International arrivals fell by 72% over the first 10 months of 2020, with restrictions on travel, low consumer confidence, and a global struggle to contain the COVID-19 pandemic, all contributing to the worst year on record in the history of tourism.
According to the latest data from the World Tourism Organization (UNWTO), tourist destinations welcomed 900 million fewer international tourists between January and October when compared with the same period of 2019. This translates into a loss of $935bn in export revenues from international tourism, more than 10 times the loss in 2009 under the impact of the global economic crisis.
UNWTO Secretary-General Zurab Pololikashvili said: “Since the start of this crisis, UNWTO has provided governments and businesses with trusted data showing the unprecedented impact of the COVID-19 pandemic on global tourism. Even as the news of a vaccine boosts traveller confidence, there is still a long road to recovery. We thus need to step up our efforts to safely open borders while supporting tourism jobs and businesses. It is ever clearer that tourism is one of the most affected sectors by this unprecedented crisis.”

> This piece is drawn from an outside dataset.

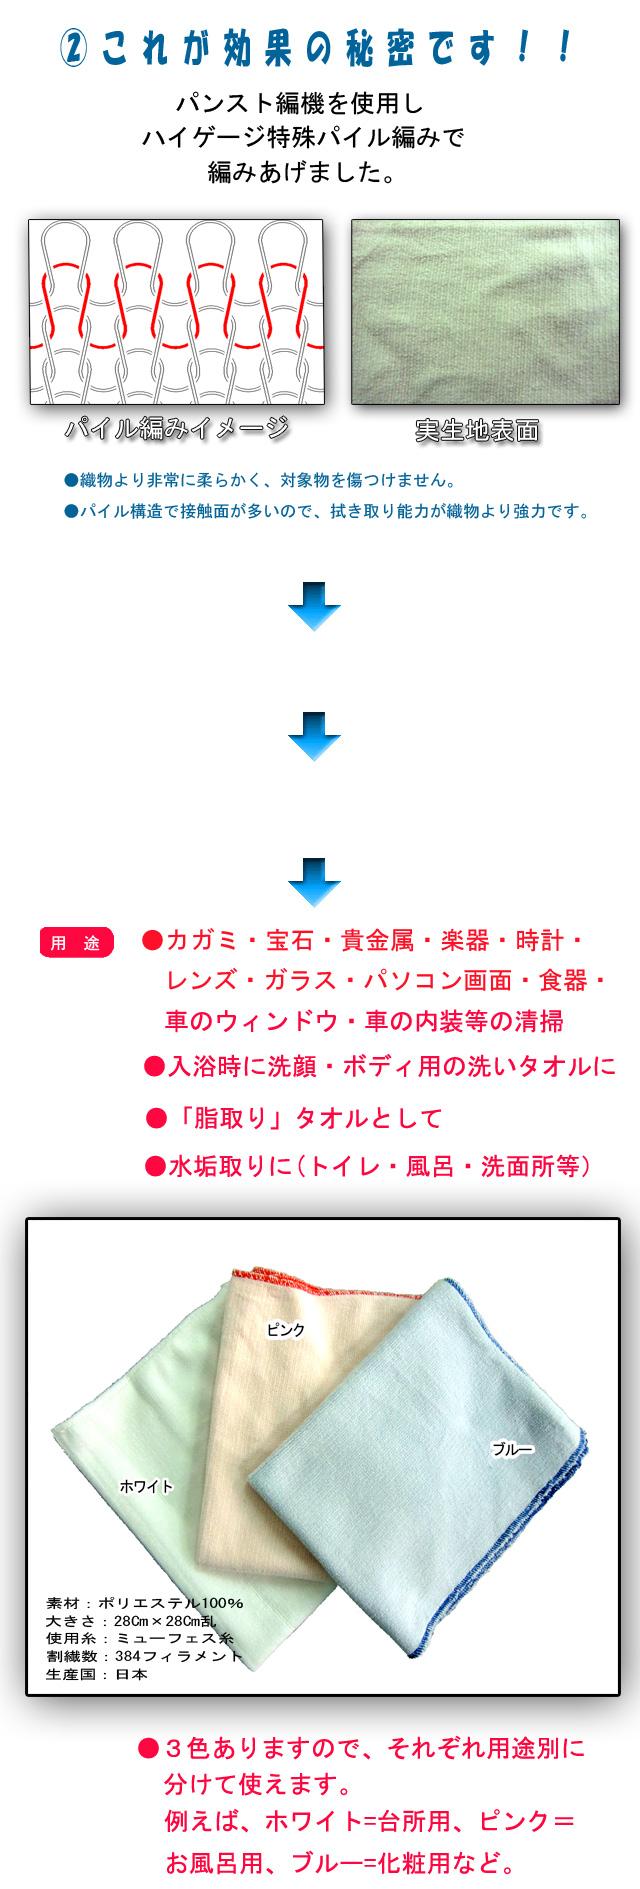 ミューフェス商品説明②
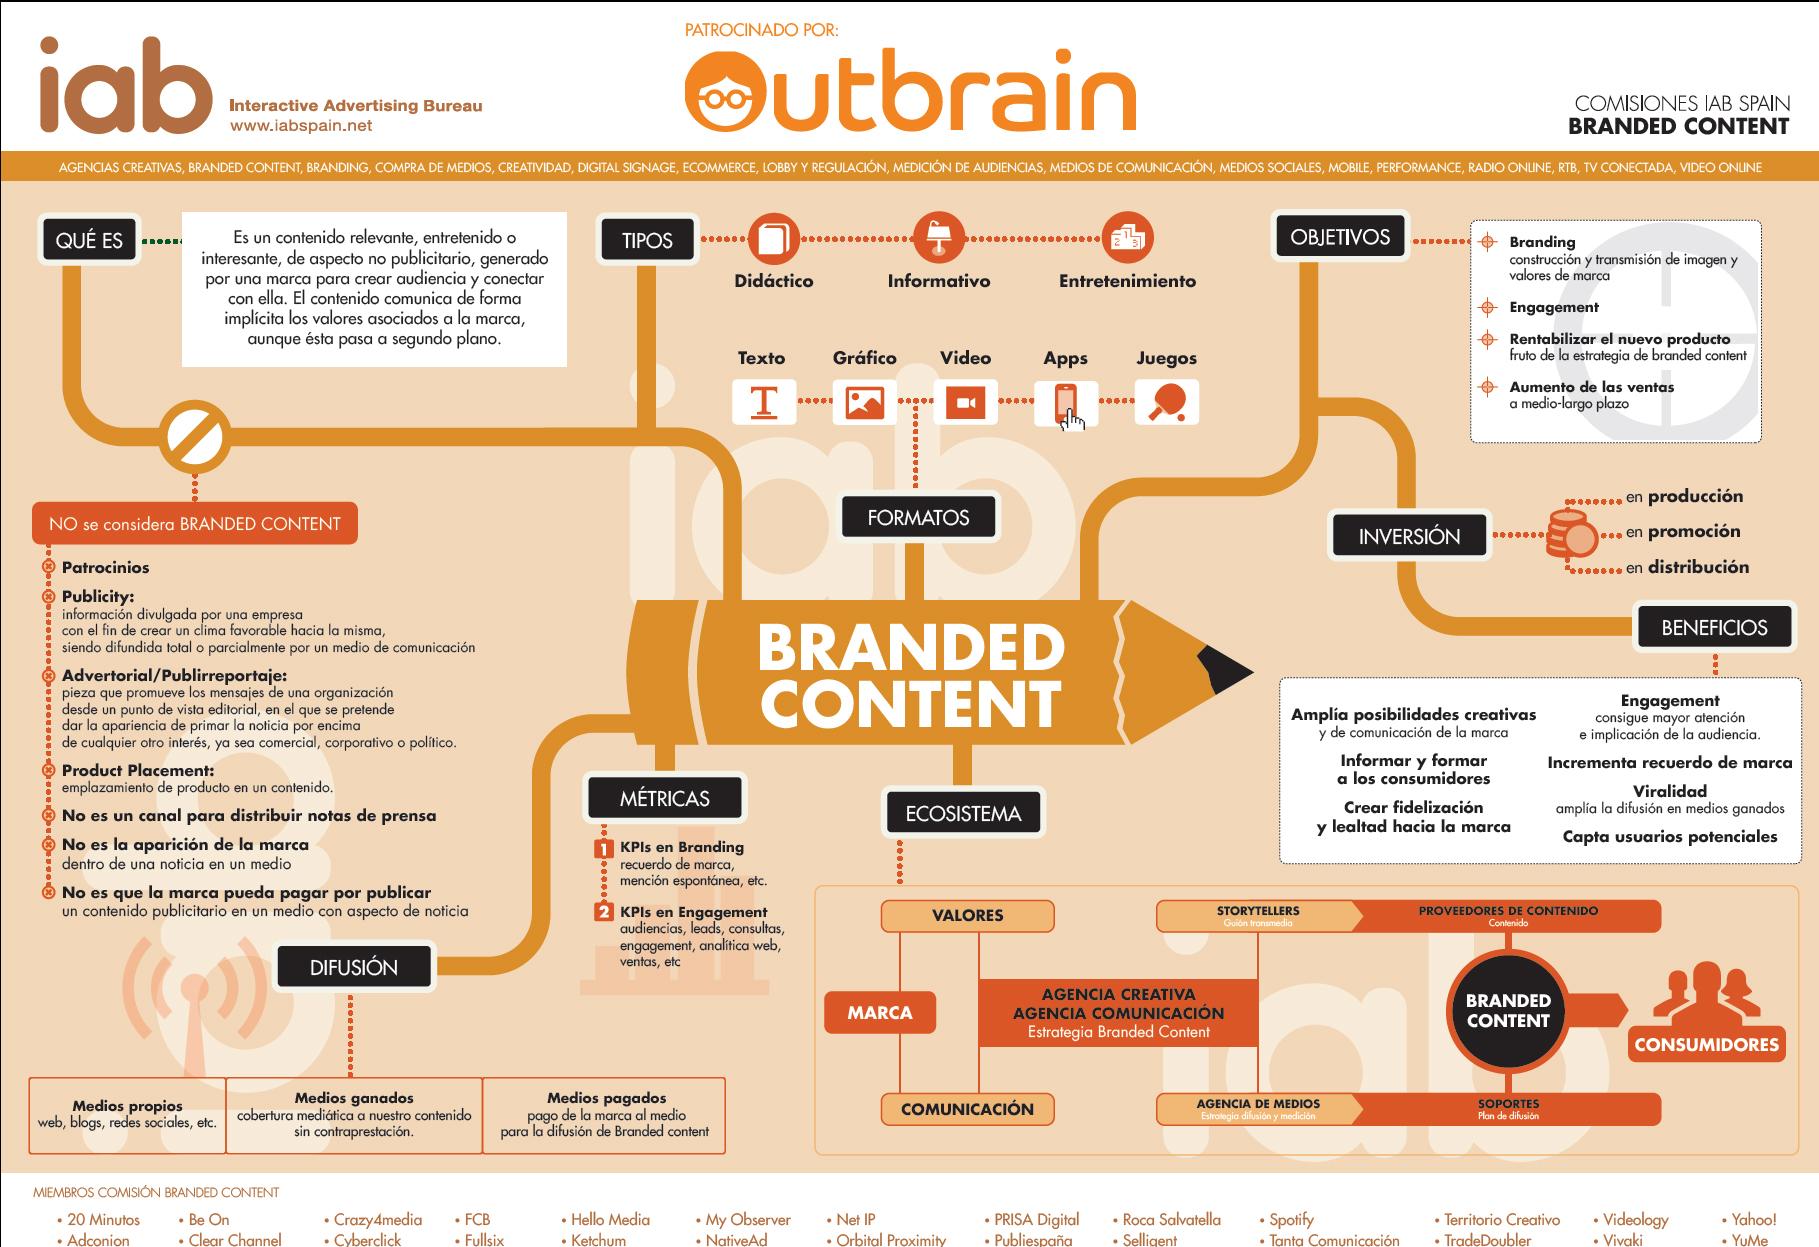 Neuromarketing y Social Selling para tu estrategia de branded content

“Based on the current evidence, UNWTO expects international arrivals to decline by 70% to 75% for the whole of 2020. In this case, global tourism will have returned to levels of 30 years ago, with 1 billion fewer arrivals and a loss of some $1.1trn in international tourism receipts,” Pololikashvili added.
He added that this massive drop in tourism due to the pandemic could result in an economic loss of $2trn in world GDP.
The UNWTO mentioned that data on international tourism expenditure continues to reflect very weak demand for outbound travel.
However, some large markets such as the United States, Germany, and France have shown some signs of recovery in the recent months.
Furthermore, demand for domestic tourism continues to grow in some markets, including both China and Russia.
Looking ahead, UNWTO sees that the announcement of a vaccine and the start of vaccination are expected to gradually increase consumer confidence. At the same time, a growing number of destinations are easing or lifting restrictions on travel.
According to the latest research from UNWTO, the proportion of closed destinations has dropped from 82% in late April 2020 to 18% in early November (expressed in percentage of international arrivals). The extended scenarios for 2021-2024 presented by the United Nations specialized agency for tourism point to a rebound by the second half of 2021. Nonetheless, a return to 2019 levels in terms of international arrivals could take between two-and-a-half and four years.